Apply elements within the pipeline at this time to the providedSpliteratorAnd send the result to the provided receiver sink

  • abstract

    > S wrapAndCopyInto(S sink, Spliterator

    spliterator);

The size used to output the return value.

  • abstract

    void copyInto(Sink

    wrappedSink, Spliterator

    spliterator);

Used to transfer data fromSpliteratorThe obtained element is pushed into the provided receiverSink。 If it is known that there is a short circuit phase in the flow pipeline (including streamopflag#short_current), execute it after each elementSink#cancellationRequested(), if the request returns true, the execution is terminated. After this method is implemented, you need to abide by the sink protocol, that is, sink #begin – > sink #accept – > sink – > end

  • abstract

    void copyIntoWithCancel(Sink

    wrappedSink, Spliterator

    spliterator);

Used to transfer data fromSpliteratorThe obtained element is pushed into the provided receiverSink。 Execute after each elementSink#cancellationRequested(), if the request returns true, the execution is terminated.
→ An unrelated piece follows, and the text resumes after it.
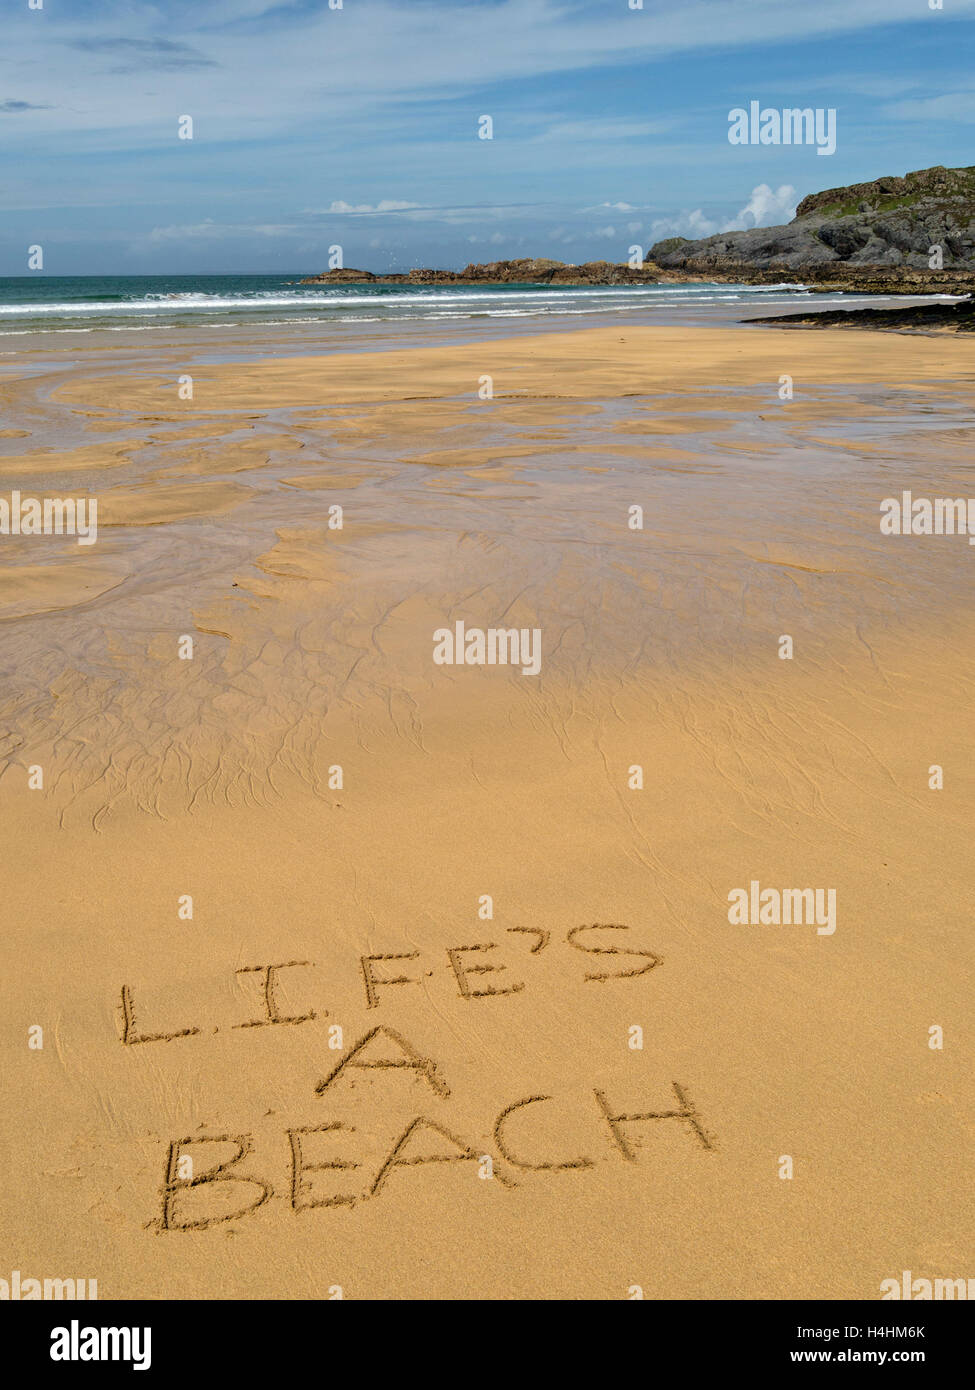 The words 'Life's a beach' written in golden yellow sand of remote Scottish beach. Stock Photo

After this method is implemented, you need to abide by the sink protocol, that is, sink #begin – > sink #accept – > sink – > end

  • abstract

    Sink

    wrapSink(Sink

    sink);

This method is mainly used to package sink and traverse from downstream to upstreamAbstractPipelineAnd then packaged into a sink forcopyIntoThe corresponding method is executed iteratively within the method.

  • abstract Node.Builder

    makeNodeBuilder(long exactSizeIfKnown,IntFunction

    generator);

It is used to construct a node builder and convert it into an array to process the array type, which is the same as the output type defined by pipelinehelper.

  • abstract

    Node

    evaluate(Spliterator

    spliterator,boolean flatten,IntFunction

    generator);

This method applies the source splitter to all elements in the pipeline. For array processing. If the pipe has no middle(filter,map)Operation, and the source is supported by a node (source), the node will be returned (internal traversal and then return). This reduces the duplication of pipes composed of stateful operations and terminal operations that return arrays. For example: stream. Sorted(). Toarray(); This method corresponds toAbstractPipelineInternal code is as follows:

@Override
  @SuppressWarnings("unchecked")
  final  Node evaluate(Spliterator spliterator,
                                    boolean flatten,
                                    IntFunction generator) {
      if (isParallel()) {
          // @@@ Optimize if op of this pipeline stage is a stateful op
          return evaluateToNode(this, spliterator, flatten, generator);
      }
      else {
          Node.Builder nb = makeNodeBuilder(
                  exactOutputSizeIfKnown(spliterator), generator);
          return wrapAndCopyInto(nb, spliterator).build();
      }
  }
Copy code
AbstractPipeline

The abstract base class of the “pipeline” class is the core implementation of the flow interface and its original specialization. Used to represent the initial part of the flow pipeline, encapsulating the flow source and zero or more intermediate operations. For sequential flow, parallel flow and parallel flow without state intermediate operation, the data processing in the pipeline is completed in the process of “blocking” all operations at one time, that is, it is processed at the end. For a parallel flow with state operations, the execution is divided into multiple segments, where each state operation marks the end of one segment, each segment is evaluated separately, and the result is used as the input of the next segment. In all the above cases, the processing of source data is started only after the terminal operation.

  • AbstractPipeline(Supplier> source,
    int sourceFlags, boolean parallel)

The first parameter of creating source stage specifies a supplier interface (factory mode). Only objects of splitter > can be generated. According to the incoming lambda implementation, extends SpliteratorUnderstand the PECS principles of generics.)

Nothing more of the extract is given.